Elrond resta assis, intérieurement choqué par ce qu'il venait d'apprendre. Il avait déjà ressenti une puissance émaner de ces pierres, au point qu'elles résonnaient avec la force vitale irriguant dans ces corps, mais il n'avait jamais imaginé une telle perversion.

- Comment avez-vous pu séparer vos âmes de vos corps ? s'étrangla t-il. Une telle chose est contre-nature et nécessite une puissance phénoménale. Seules les divinités peuvent le faire.

- Vous ne pensez tout de même pas que j'aurais accepté ce pacte si j'avais su de quoi il en retournait ? rétorqua Sayaka, acide. Je ne suis rien de plus qu'un putain de cadavre, une saloperie de zombie ! Vous pensez vraiment que la puissance que j'ai obtenue valait vraiment un tel prix ?

La jeune fille serra les dents et siffla. Elle était amèrement dégoûtée de s'être laissée entraîner cur une telle route par Mami et d'avoir sottement avalé les paroles de Kyûbey.

- Voilà, vous savez la vérité, maintenant, poursuivit-elle avec des sarcasmes qui masquaient le dégoût d'elle-même, qui lui donnait envie d'arracher la chair couvrant cette coquille vide qu'elle habitait. Ces gemmes contiennent nos âmes et si elles sont totalement corrompues, nous mourrons. Nous sommes constamment obligées de combattre des sorcières pour obtenir des grief seed, des artefacts qui nous permettent d'évacuer nos émotions négatives. Nous pensons être immortelles, mais nous ne faisons que survivre à crédit, prolongeant toujours plus notre existence, retardant l'inévitable moment de notre mort.

Gandalf fronça les sourcils. Ces gemmes semblaient fonctionner sur le même principe que l'Anneau Unique, bien que le bijou forgé par Sauron était davantage un moyen de décupler sa puissance, qu'un simple catalyseur d'émotions. Certes, les deux objets permettaient d'assurer la survie de l'âme de leur créateur, mais l'Unique n'avait pas besoin d'être entretenu et purgé de ses émotions sombres. Il avait été créé par la malveillance, la cruauté et le désir de dominer toute vie. Il n'avait pas tous les points faibles des gemmes de ces deux jeunes filles.

Ses réflexions furent coupées par plusieurs coups portés à la porte.

D'un ton fort, Elrond ordonna au visiteur d'entrer. La porte pivota sur ses gonds, révélant une belle elfe à la peau pâle, qui s'inclina.

- Mithrandir, Monseigneur, salua t-elle en s'inclinant devant le noble aux longs cheveux, surmontés d'une tiare de mithril. Pardonnez mon intervention, mais Frodon Sacquet donne des signes de réveil.
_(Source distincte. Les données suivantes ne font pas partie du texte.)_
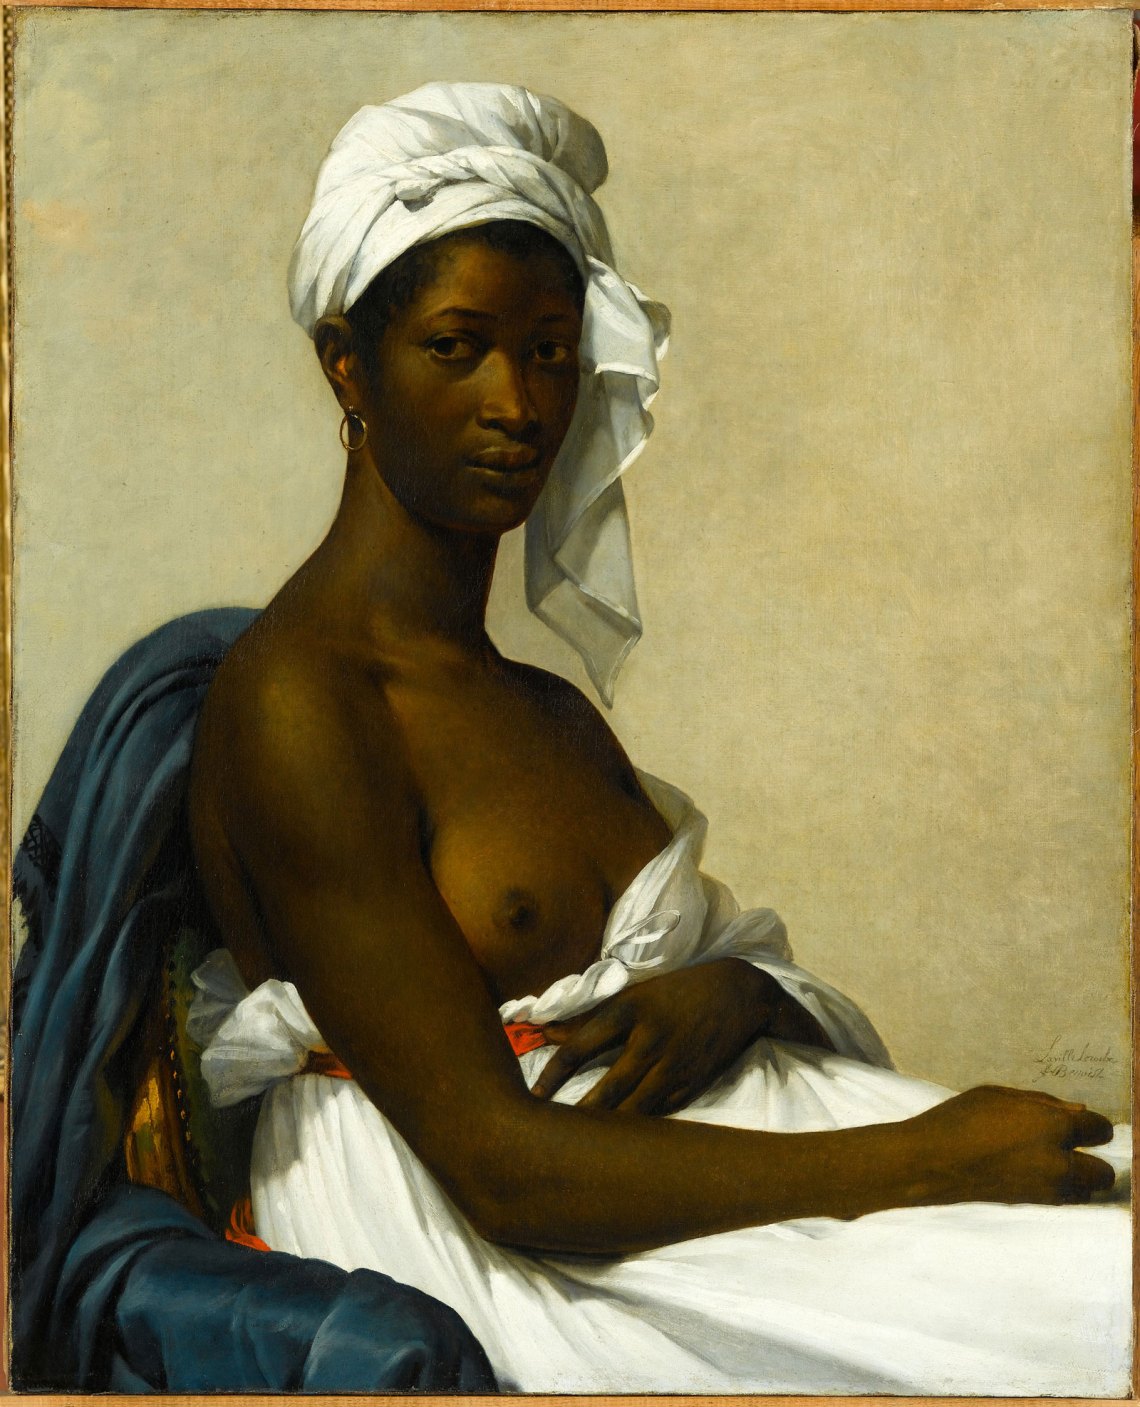 Reframing the Black Model at the Musée d’Orsay

Sur ces mots, l'elfe se retira et quitta les lieux, tandis que Gandalf se ruait dans les escaliers, se déplaçant à une vitesse telle, qu'elle jurait avec ses traits âgés.

Elrond se dirigea vers la porte, avant de se retourner vers les deux jeunes filles, leur adressant un regard perçant.

- D'ici quelques jours, nous tiendrons une réunion d'importance, à laquelle ont été conviées tous les représentants des peuples libres de la Terre du Milieu. Etant donné que votre arrivée ici ne semble pas anodine, je vous y convie également. Nous aurons beaucoup de thèmes à aborder et je doute que vous vouliez devoir répéter votre histoire à de multiples reprises. Il me semble préférable que vous nous contiez toutes vos péripéties en une seule fois. De plus, cela vous laissera le temps de nous donner tous les détails, y compris à propos de cet étrange être que vous appelez Kyubey.

Il avait prononcé ces derniers mots sans reproches, mais elles comprirent bien que la version édulcorée ne serait pas appréciée. Elles devraient aller au bout des choses, y compris révéler l'ignoble vérité dans ses détails les plus cruels.